Контрреформы не оправдывали надежд царизма. Правда, он сумел одворянствовать земство. Но развитие капитализма в России зашло уже так далеко, что значительная часть дворянства, на которое так рассчитывал царизм, обуржуазилась и превратилась из опоры самодержавия в оппозицию ему — очень умеренную, благомыслящую, но оппозицию. Более того, в самом правительстве не было ни политического, ни делового единения (не зря Катков умер со словами: “Прошу единомыслия”). Министры заискивали перед царем и либо грызлись между собой, либо подсиживали друг друга. Главное же, внутренняя политика царизма стала терять логику.

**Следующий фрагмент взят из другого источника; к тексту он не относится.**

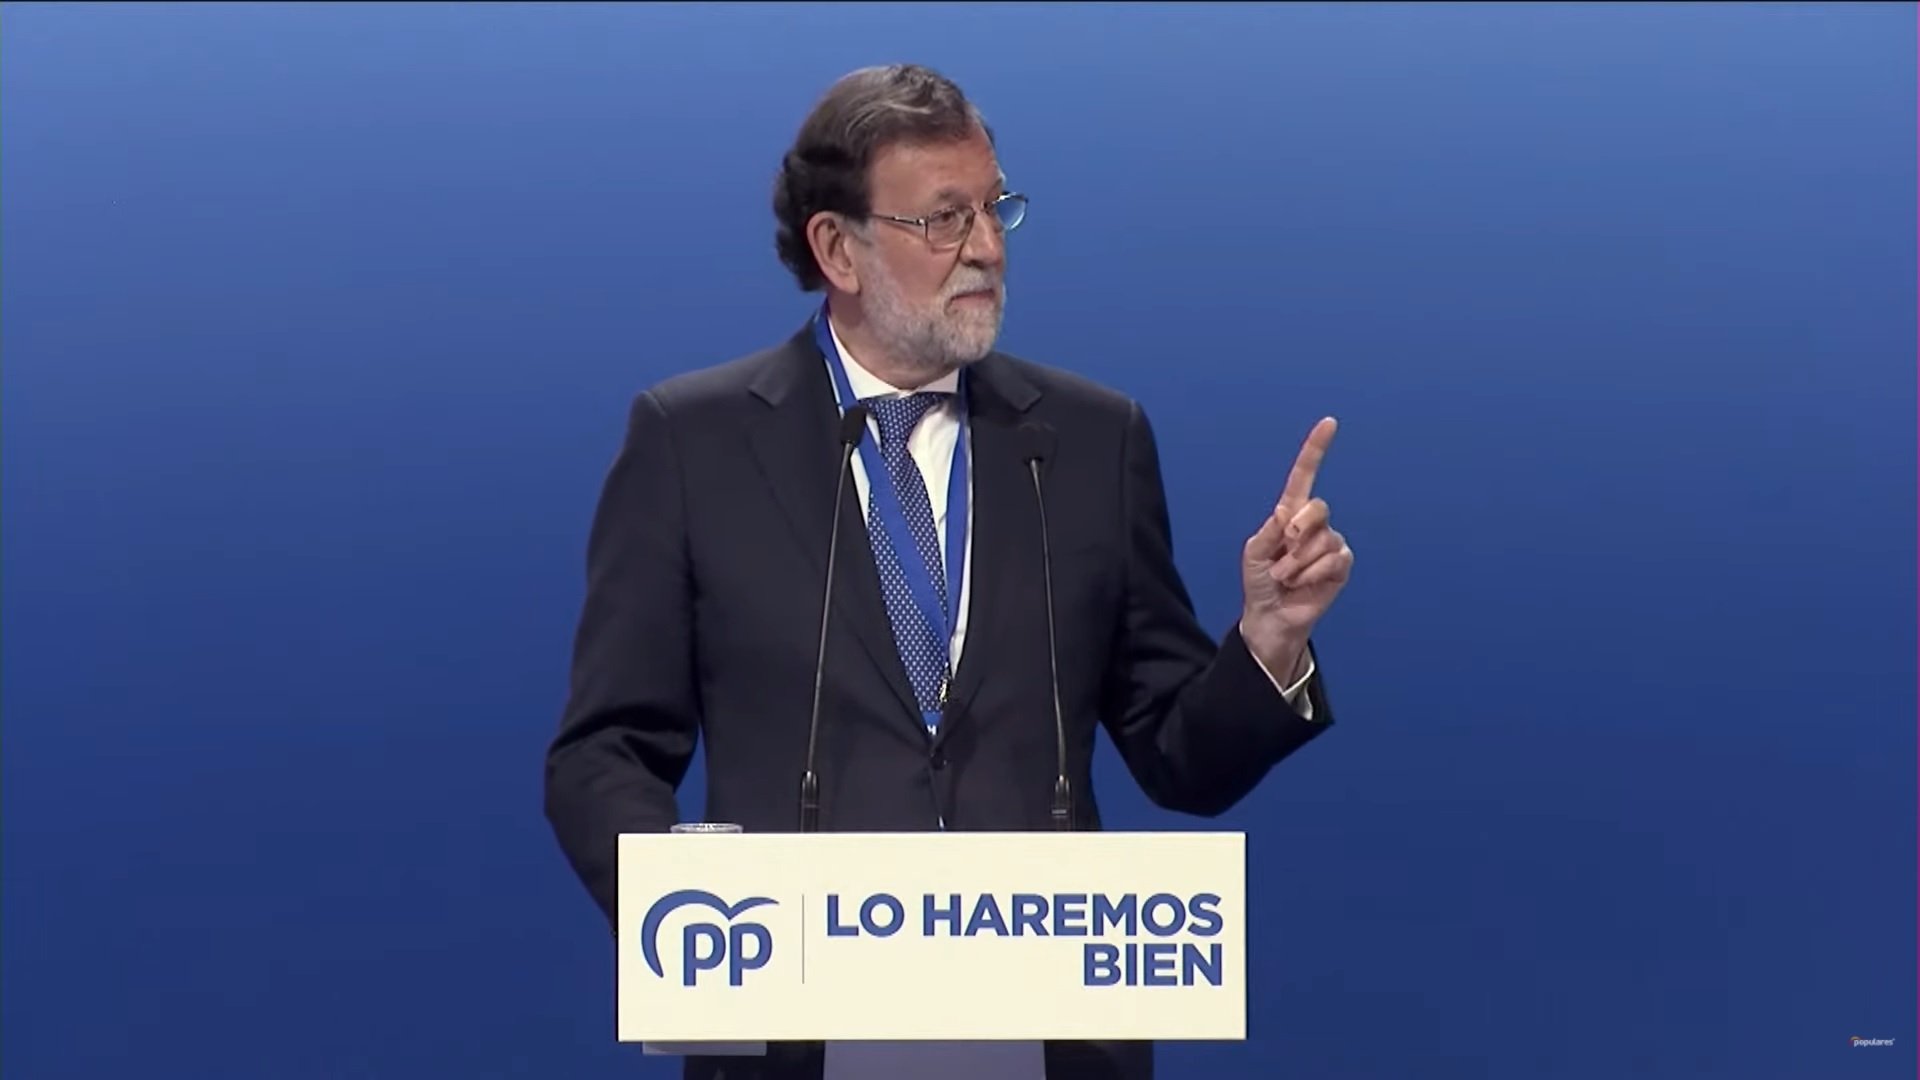 Andorra indicts ex-Spanish PM Rajoy as defendant over Catalonia espionage case

С одной стороны, царизм хотел “заморозить” страну, т.е. консервировать в ней крепостнические пережитки, дабы упрочить свою социальную, дворянскую опору; с другой стороны — обзавестись современной, т.е. капиталистической, про­мышленностью, чтобы не отстать от Запада и, при случае, успешно противостоять ему. “Вся система самодержавия сверху донизу,— пишет современный российский историк Ю.Б. Соловь­ев,— раскалывалась сосуществованием этих двух взаимоисключа­ющих главных направлений в проводимой политике. Отныне герб самодержавия — туловище о двух головах, глядящих в противо-

положные стороны,— приобретает вполне вещественное и роковое для самодержавия значение”.

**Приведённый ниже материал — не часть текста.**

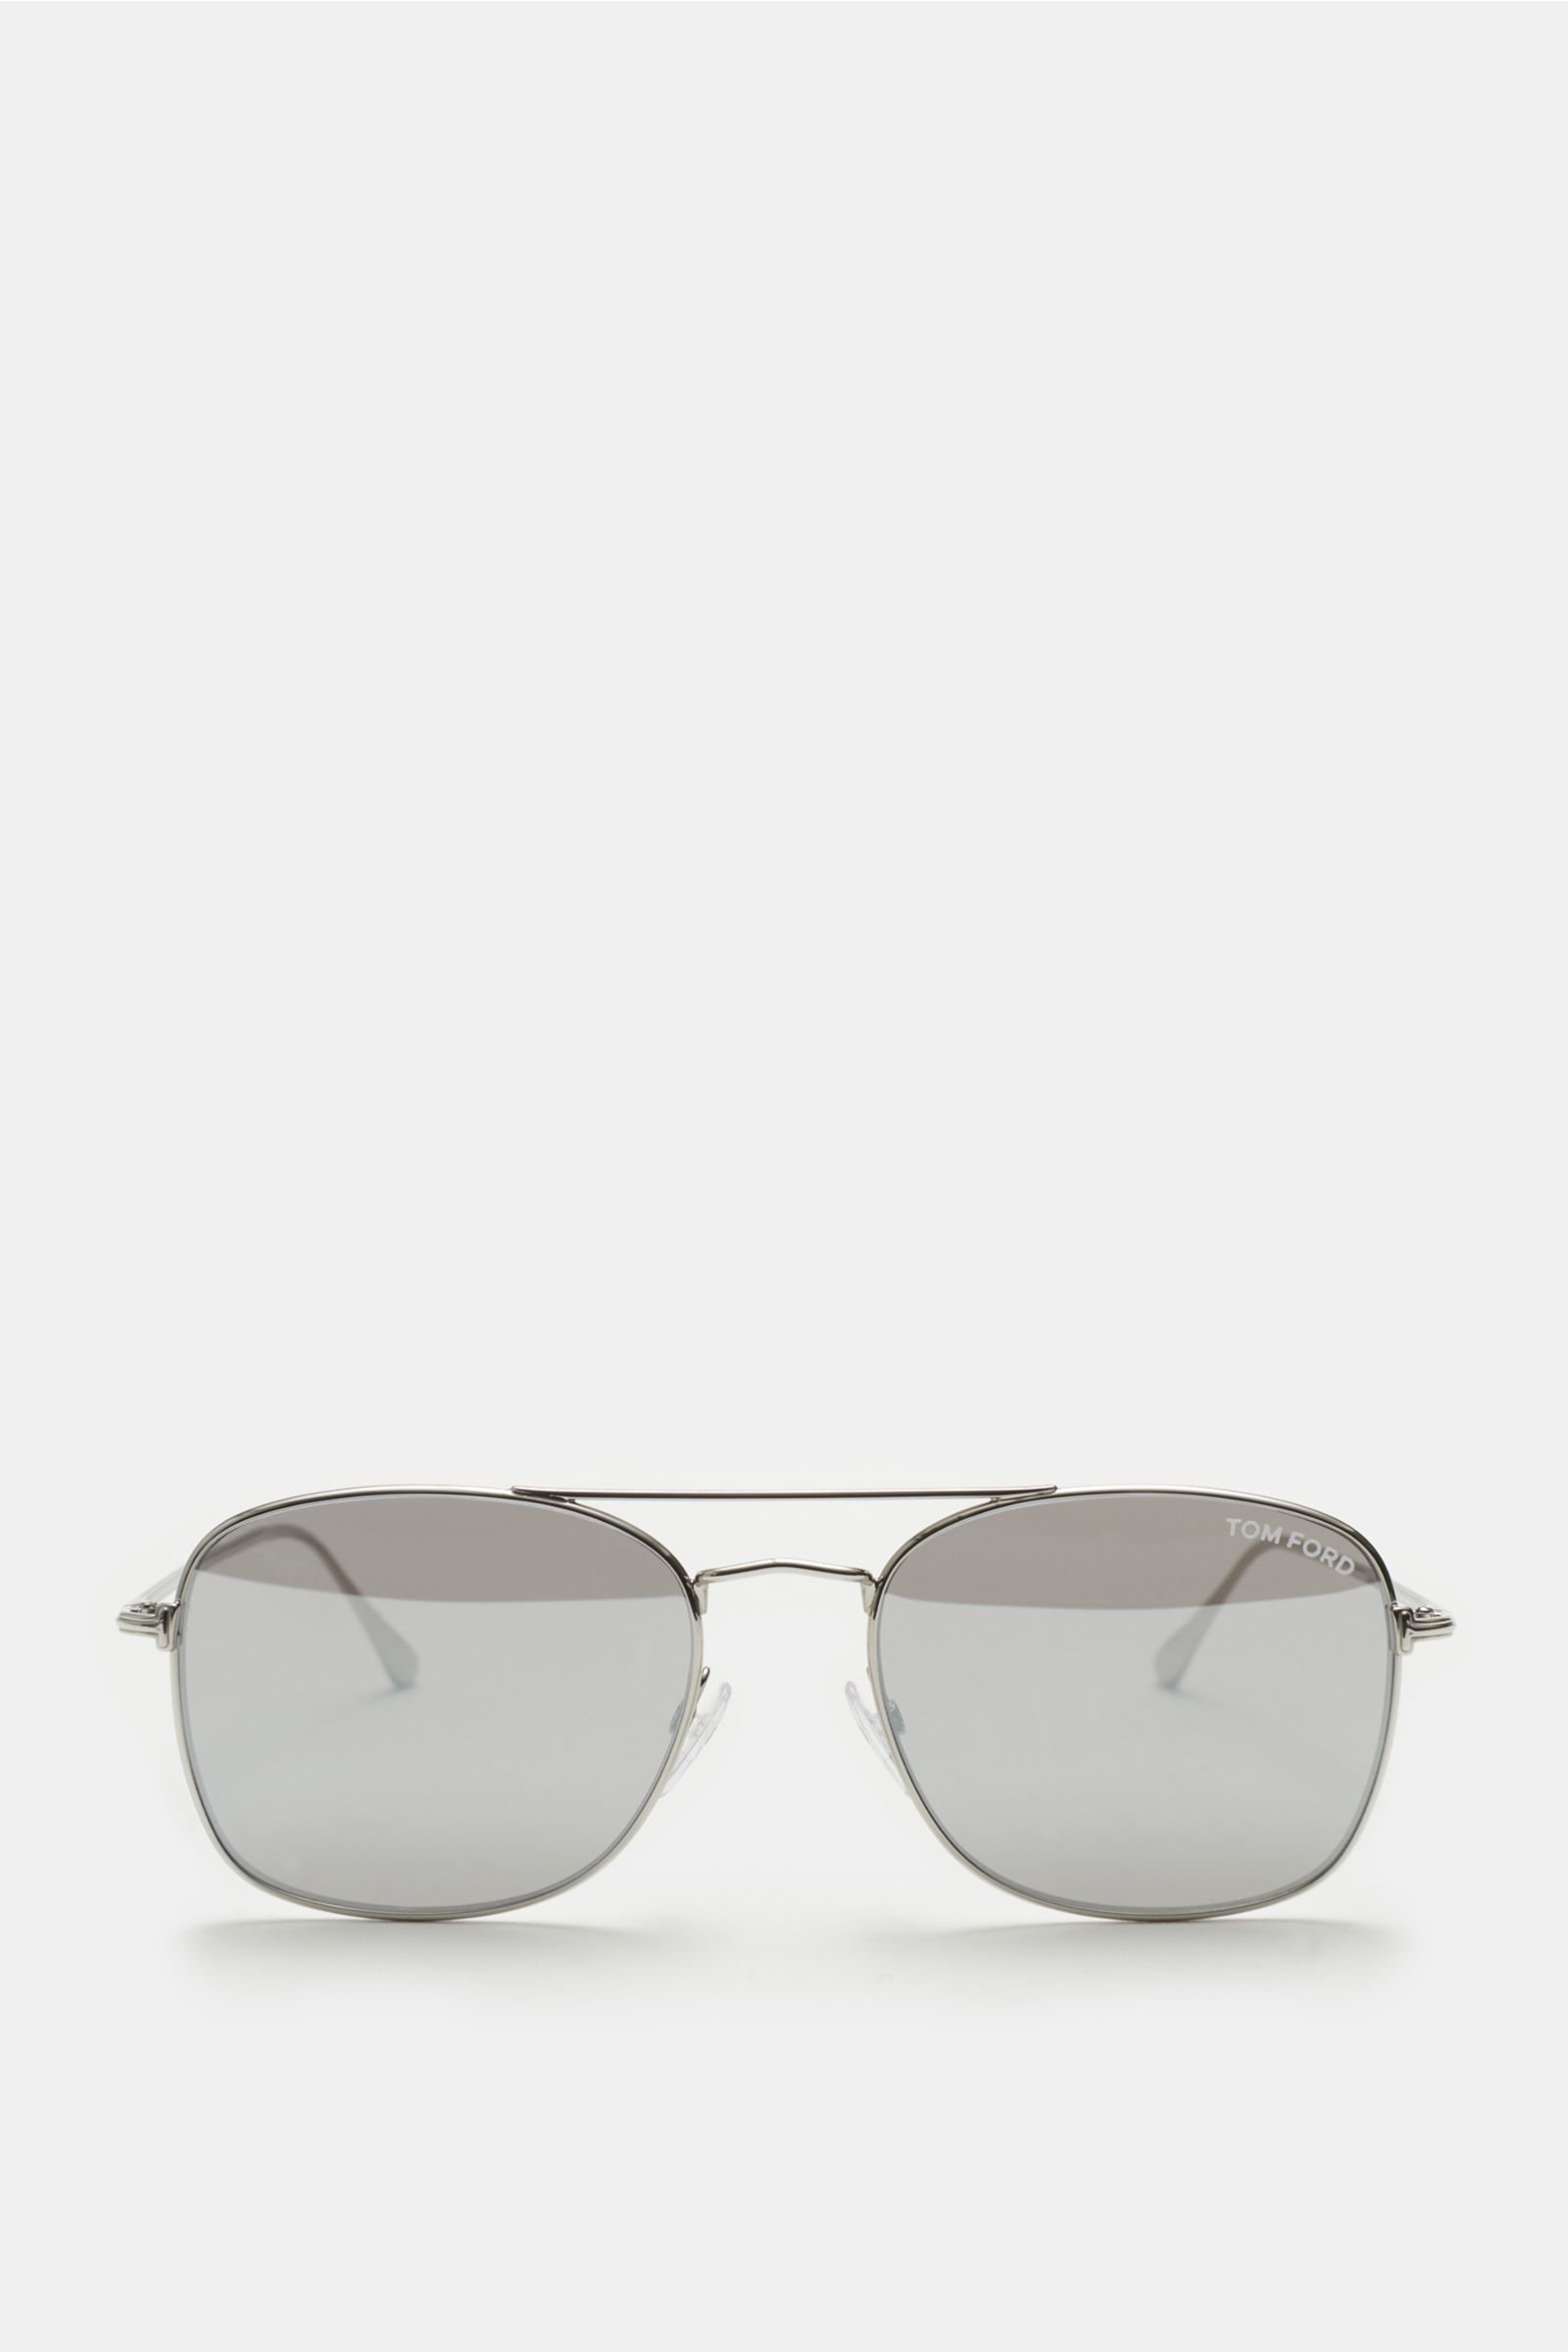 Sonnenbrille 'Luca' silber/grau

Немудрено, что в таких условиях царизм год от году, несмотря на отдельные победы реакции, терял устойчивость и уверенность, а самодержец Всея Руси Александр III вообще ни в чем не был уверен — даже в собственной безопасности. Он умер 20 октября 1894 г. на 50-м году жизни, умер тем же гатчинским отшельником, каким начал царствовать. По официальной версии, причиной смерти еще далеко не старого, отличавшегося смолоду богатырским здоровьем самодержца была болезнь почек (пиелонефрит). В последнее время эта версия вновь обретает хождение: кончина Александра III изображается “благостной”1. Однако более убедительной выглядит точка зрения современников царя, а также его собутыльников, по которой он умер от последствий алко­голизма, в коем старался утопить постоянный страх за свою жизнь. Из воспоминаний начальника его охраны генерал-адъю­танта П.А. Черевина явствует, что Александр III в последние годы жизни от страха и пьянства заметно терял человеческий облик: осушив вместе с Черевиным по полулитровой фляге коньяку, которые они прятали от императрицы Марии Федоровны в голенища сапог, царь валялся на полу дворцовой гостиной, лаял, хрюкал и норовил укусить всех проходивших за ноги2. Черевин рассказывал, как они с царем напивались незаметно от царицы даже в ее присутствии: “Царица подле нас — мы сидим смирнехонько, играем как паиньки. Отошла она подальше — мы переглянемся: раз-два-три! — вытащим фляжки, пососем и опять, как ни в чем не бывало. Ужасно ему эта забава нравилась. Вроде игры. И называлось это у нас: “голь на выдумки хитра”. Раз-два-три! ... “Хитра голь, Черевин?” — “Хитра, Ваше Величе­ство!” Раз-два-три — и сосем”3.

Таким образом, Александр III, по словам М.Н. Покровского, “не представляет исключения в ряду трех последних самодержцев: подобно своему отцу и своему сыну, он тоже был казнен революцией, только не сразу, а медленной и тем более мучительной смертью”. Кстати, сын Александра III — Николай II — растроганно вспоминал, что отец его умер “смертью святого”. Оно и понятно. Сам Николай смолоду (при жизни отца) вел похожий образ жизни, находя его, по-видимому, добродетельным. Вот что рассказывает об оргиях Николая и его собутыльников по


1 См.: Российские самодержцы. 1801—1917. М., 1993. С. 305.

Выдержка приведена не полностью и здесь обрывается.